2. While I was always a believer and encourager of networking, both personally and with my teams, I really understand the importance now. In my last role, I insisted that my customer relations managers have a performance objective around their networking actions i.e. so many contacts made while attending a trade show, etc. However, because my job was so spread around North America and even Europe, I had a dearth of contacts in my own city. I have since began to “think global but network local”.  Networking is as critical to those employed.  Whether it is benchmarking, needing a reference for a service provider, learning about needed partners or competitors - having trusted advisors to discuss business is crucial. I have vowed to continue to join local organizations and attend events despite the busyness of a new position.

3. The development of resilience. Wow, this is a big one. I now understand that being an executive in a global iconic company buys you an often rapt audience both internally and externally. If I left voice messages, I did get a reply. If I made proposals that weren’t accepted they were at least listened to and considered.

Welcome to my new world! Applications made to online postings are basically ignored by software programs and in some cases HR gatekeepers, who count keywords rather than connect the value on resumes. To be fair, I realize there are too many resumes submitted to be handled much differently, but rejection seems to be the dish that HR serves cold.

Additionally, LinkedIn InMails to recruiters or hiring managers are returned unopened. Gaining contacts within a target company is both tenuous and tedious. I could go on but the point is that job seekers have learned to pick themselves up off the ground on an almost daily basis. There is no choice but to persevere and carry on to the next opportunity. I know that my resiliency in my next role will be considerably stronger than when I was accustomed to ongoing success.

4. This leads into the final trait to take forward: empathy. I am somewhat embarrassed to think how I came across to others seeking work, information, etc. when I was always employed. The old adage of walking a mile in another person’s shoes is true with the job seeker.
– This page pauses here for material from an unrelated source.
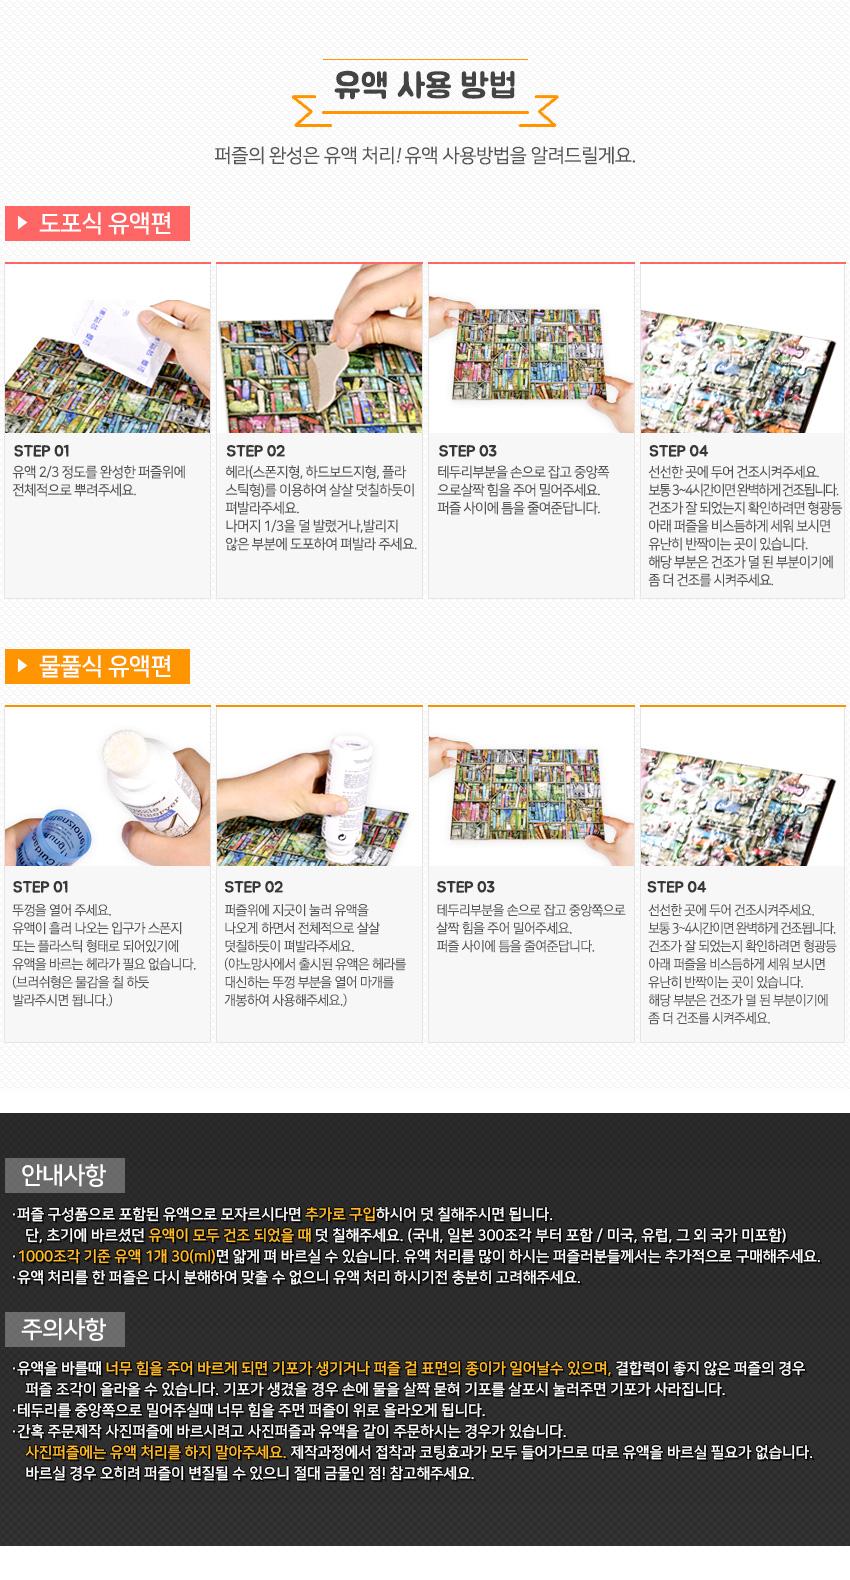 직소퍼즐 퍼즐유액 - JM유통 JM-G-30 (유광) - 퍼즐사랑, 1,000원, 조각/퍼즐, 풍경 직소퍼즐

I now know the frustrations, the roller coaster ride, the daily “twenty-mile march” that is required to find new employment.

Again, I have resolved to be accessible and willing to help where I can in the future as a job seeker comes my way. The Southlake Focus Group (networking for those in transition) uses the acronym of HOPE – “help one person everyday” as a way of maintaining the right attitude and spirit while in the job search.  The attitude shouldn’t stop with the job landing. If we can all take that charge into our next workplace, cube by cube, we’ll see a difference in our offices. Stephen Covey calls the ongoing learning process the “sharpening of the saw”. Never thought it would apply to the job search but there you go, the blade is a little sharper.